嗨 Jeff，非常感谢您的详细回复，这对我非常有帮助，我现在将使用 sets，这是我以前不知道的！ NationalPostcodes2 最初是为了从 NationalPostcodes 中删除我最初错误输入的重复项
@Templar 您可能需要考虑的其他一些事情。你所拥有的很好，但你可以稍微调整你的设计。在阅读your_list 中的内容时，您可以“即时”执行操作。想想你会怎么做。然后，如果头脑没有被打乱，您也可以摆脱my_list 并“即时”编写您的输出。考虑一下这些设计模式......它不会对中小型设备产生任何明显的性能差异，但如果您必须摄取大量输入，它可以清理并加快速度。

【解决方案2】：

@Jeff H 的 answer 是正确的，但值得一提的是我可能会如何编写此代码（未经测试）：

# Note: Since, as you wrote, these are only single-column files I did not use the csv
# module, as it will just add additional unnecessary overhead.

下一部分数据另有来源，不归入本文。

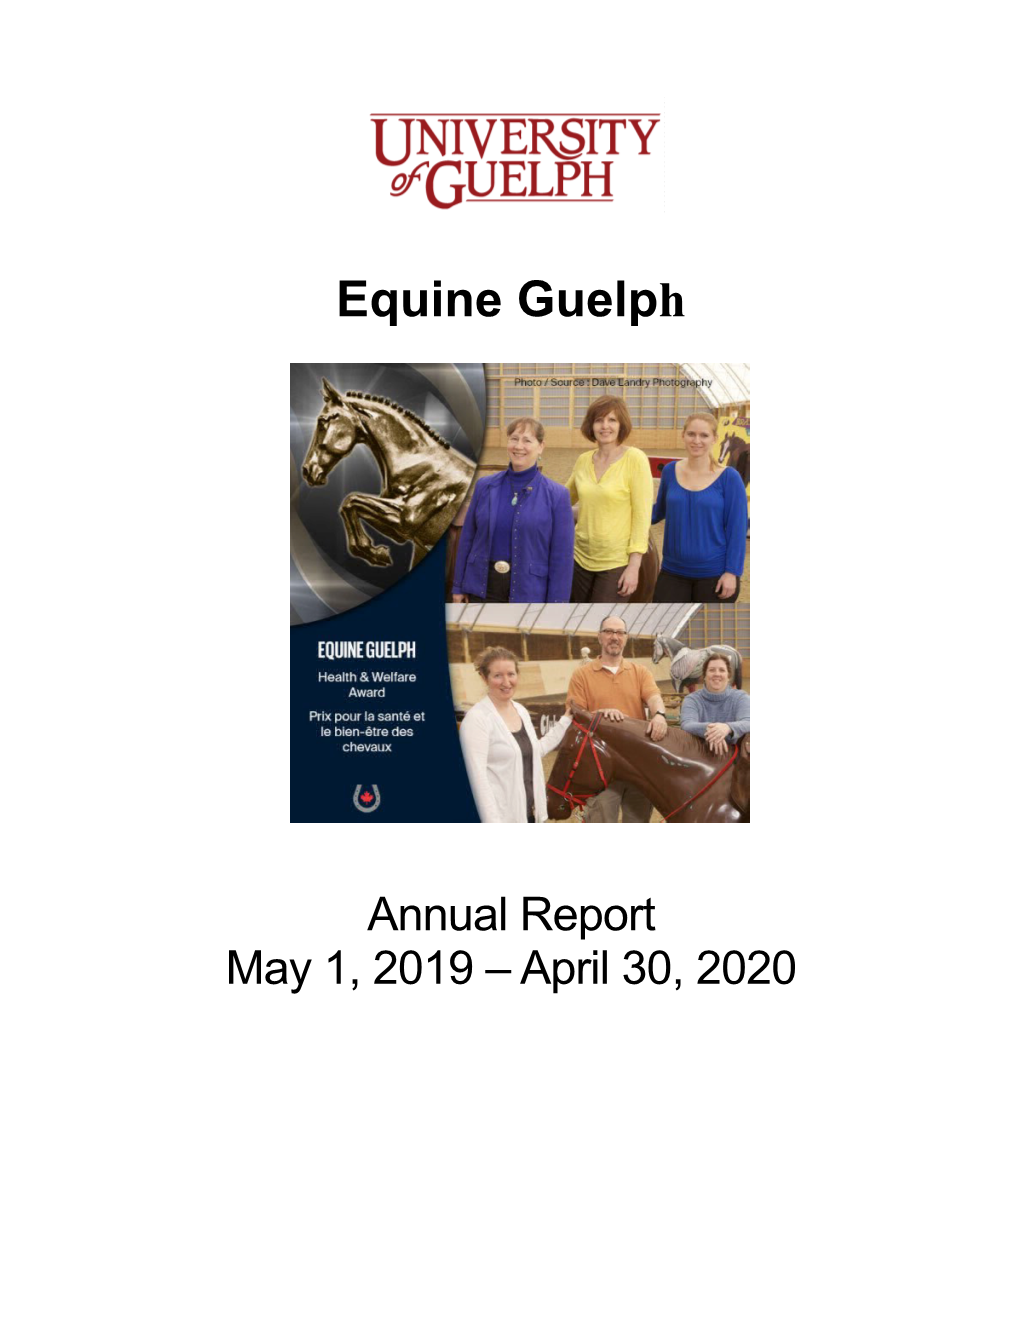 Annual Report May 1, 2019 – April 30, 2020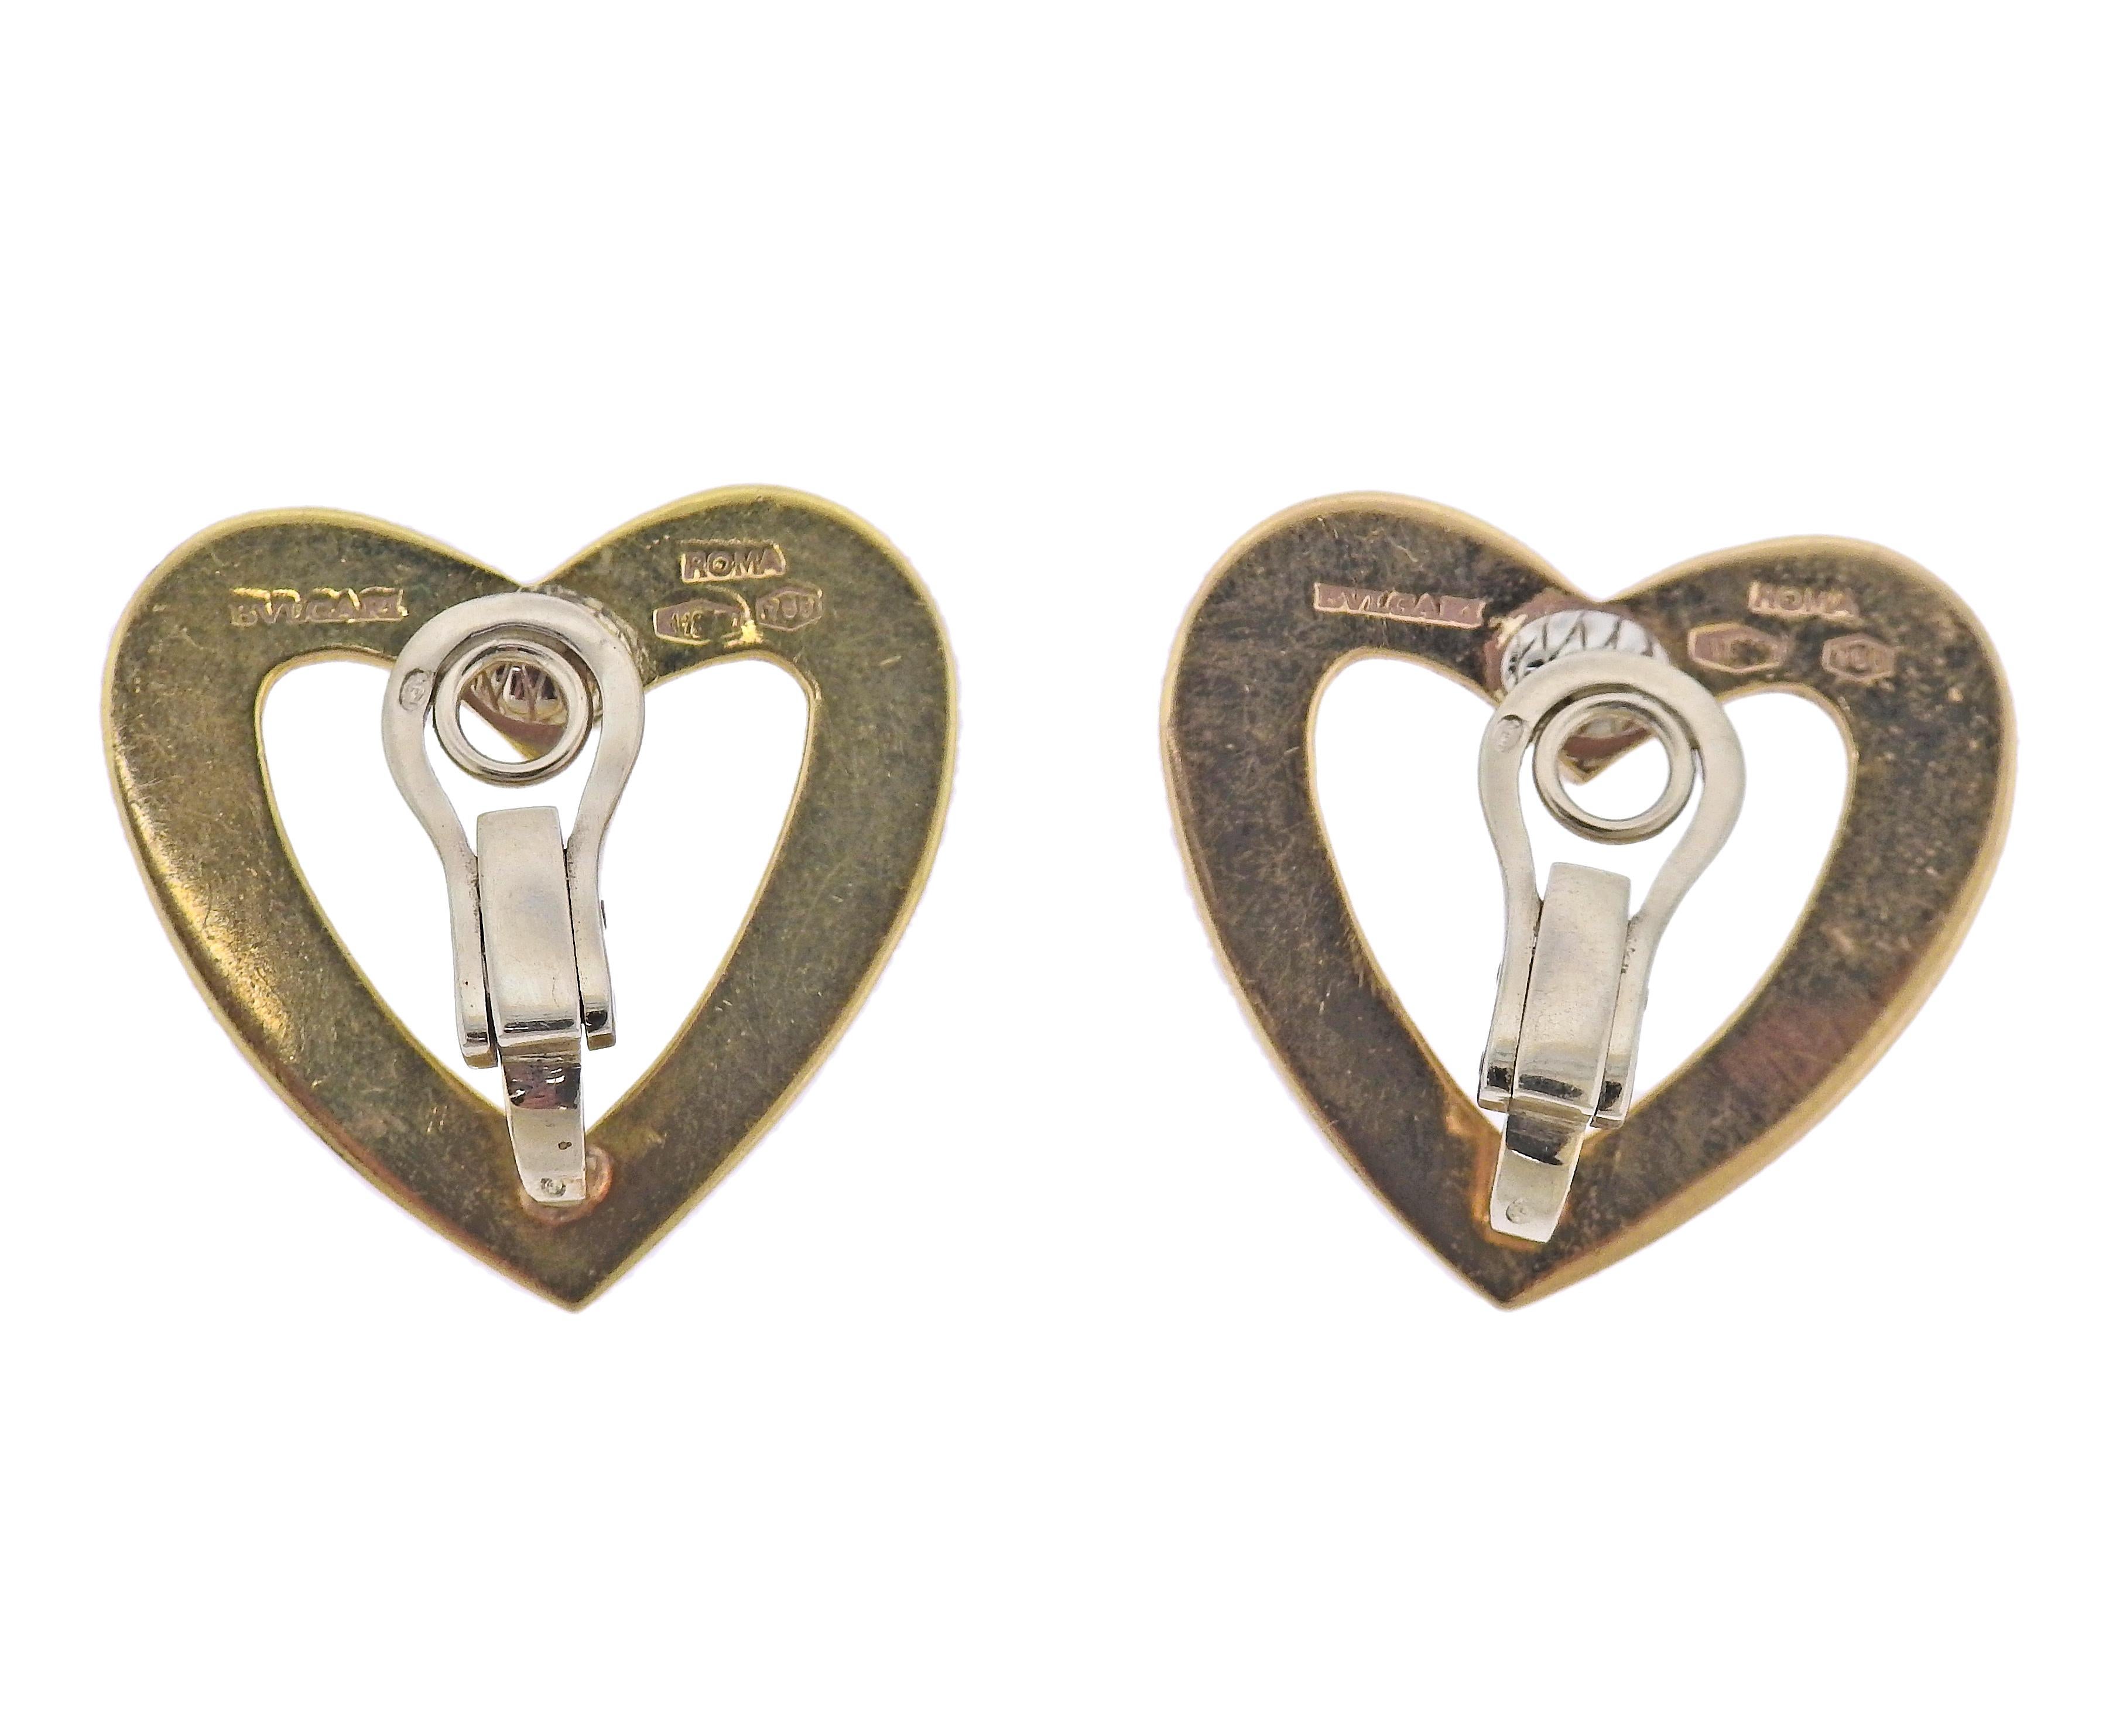 Ein Paar offene Herzohrringe aus 18 Karat Gold von Bvlgari. Die Ohrringe messen 30 mm x 29 mm. Gezeichnet: Bvlgari, römisch, 750. Gewicht - 26,2 Gramm.

# Read the known data from files--this will always be more flexible and maintainable than
# hard-coding them in your code.  This is just one possible scheme for doing this; e.g.
# you could also put all of them into a single JSON file
standard_postcode_files = {
    'HywelDDA': 'hyweldda.csv',
    'NationalPostcodes': 'nationalpostcodes.csv',
    'UKPostcodes': 'ukpostcodes.csv'
}

def read_postcode_file(filename):
    with open(filename) as f:
        # exclude blank lines and strip additional whitespace
        return [line.strip() for line in f if line.strip()]

standard_postcodes = {}
for key, filename in standard_postcode_files.items():
    standard_postcodes[key] = set(read_postcode_file(filename))

# Assuming all post codes are unique to a set, map postcodes to the set they belong to
postcodes_reversed = {v: k for k, s in standard_postcodes.items() for v in s}

your_postcodes = read_postcode_file('postcodes.csv')

labels = [postcodes_reversed[code] for code in your_postcodes]

with open('DiscretisedPostCodes.csv', 'w') as f:
    for label in labels:
        f.write(label + '\n')

我可能会做其他事情，例如不将输入文件名硬编码。如果您需要使用 csv 模块处理多个列，只需进行最少的额外更改，但由于您每行只写一个项目，我认为这是不必要的。

【讨论】：

谢谢Iguananaut，这很有见地！